While others (at least of a younger generation) seem to take photos inside the temple without constraint, I have been very mindful of Jigme’s warning against photography, so you will have to settle for a verbal description.

The older members of the lay community gather at the eastern side of the temple. We all shed our shoes before entering. Many of the older women are dressed in red shawls; the older men seem to wear lighter plaid ghos and of course rather battered kabneys. They all have prayer beads, and the were delighted to see Jeremy handling our family set.

The walls of the temple are lushly decorated with paintings in dark greens and reds: some places seem to be landscapes, perhaps with demons coming out of caves, or trapped into the earth through the power of holy men and women. At the front, the statues come out of the walls, as it were, as a kind of bas-relief sculpture. There’s a large golden Padmasambhava, with other golden (male) figures beside him. Some of these also seem like (smaller) versions of the same Guru Rinpoche. In between the male statues are smaller female dakinis. There are also protector deities in the corners of the building.

Bright, primary-colored fabric is hung from the ceiling in a wild range of patterns: some of the fabric is sewn in patterns that create chevrons along a line (I’ll try to find a photo elsewhere to show the effect). Other examples of flags or bunting are hung in circular patterns. So much color! Visual explosions everywhere.

At the same time, it’s hard not to be struck by some of the contrasts: one’s eye follows the exquisite paintings on beams–only to be struck by the electric lights and fans. Power cord snake over the hand of Guru Rinpoche (the biggest statue in the temple), through the dorje (or thunderbolt) he holds, across to the altar with (smaller) Buddha, then to the pillar on which the fans are mounted. I wonder if there’s an intentional pun here, running the electrical cord through the spiritual thunderbolt.

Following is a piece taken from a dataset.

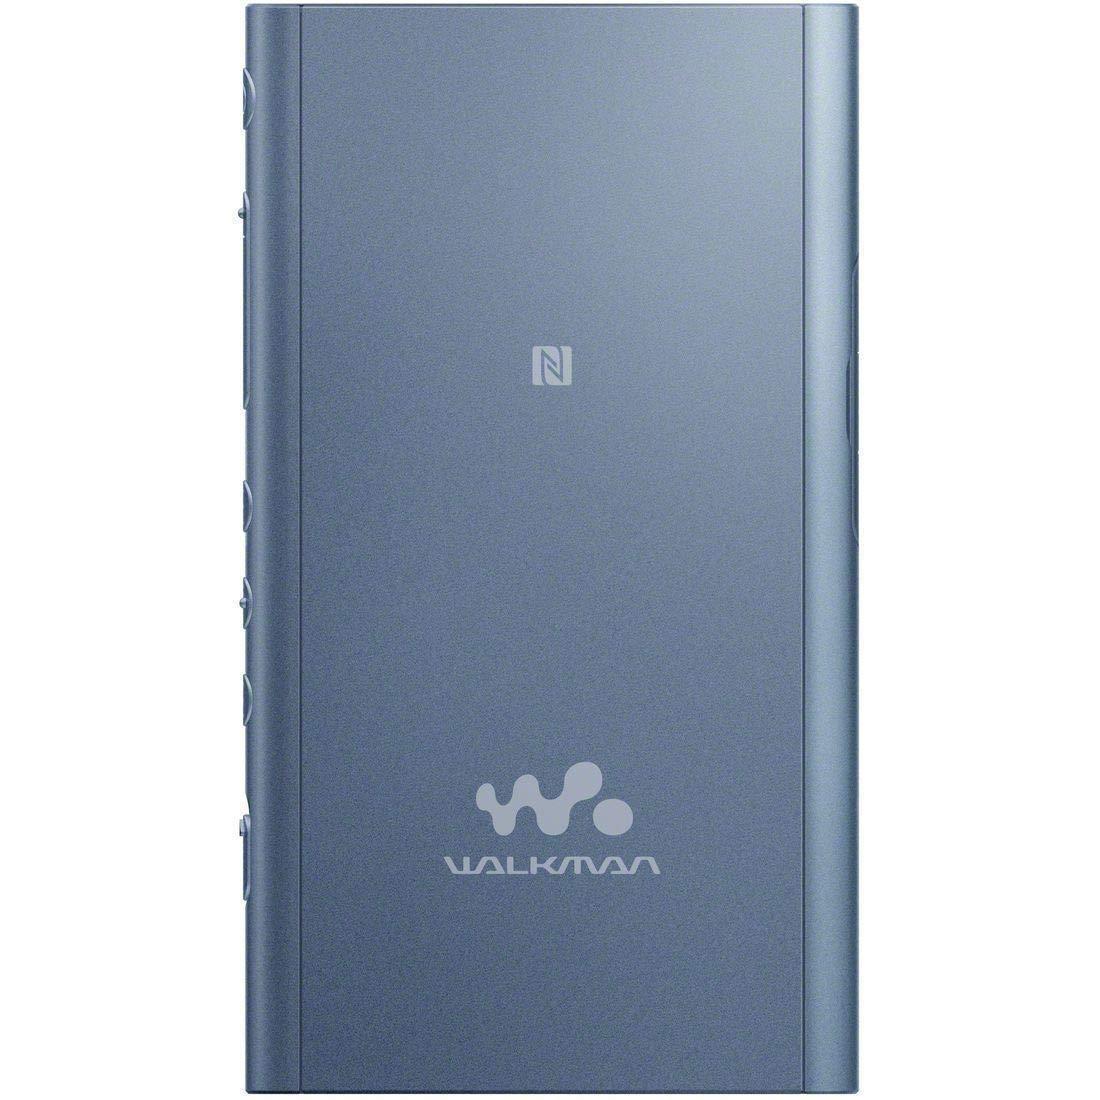 Sony Walkman NW-A55HNL купить в Sony Centre Воронеж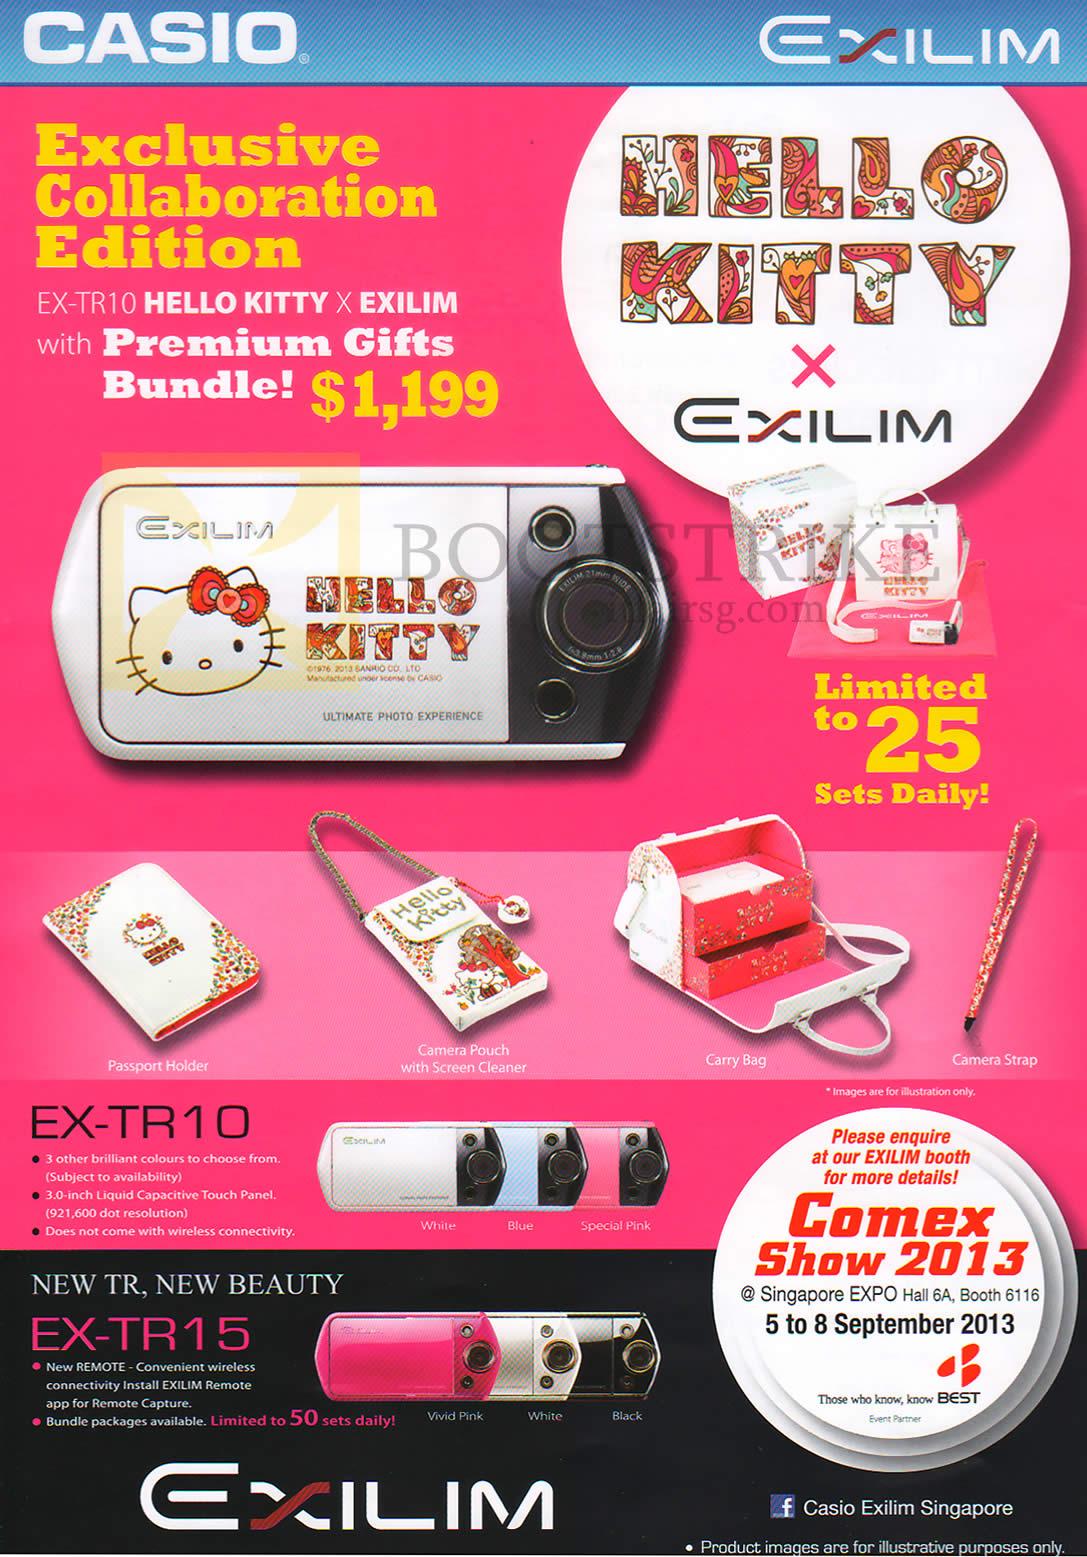 7d0f07920fd5 Casio Digital Cameras Exilim EX-TR10 Hello Kitty X Exilim Limited ...

There are four rows of monks chanting, reading from books of long thin pages filled with Tibetan script. But this sound pales beside the speakers that amplify the Buddhist-version-of-a-cantor’s voice, which makes the whole event seem more like a rock concert or a Broadway performance. I love the way I feel the sound in my chest cavity, as if the chanting is coming through me, speaking through me.

6 September (Wednesday): care packages; temple take two

My students asked how we were doing yesterday and I said that James was losing weight, so today we were given many food stores: fruits and vegetables from Chador Wangmo’s village, and special rice from Eden’s family in Paro. Yummy!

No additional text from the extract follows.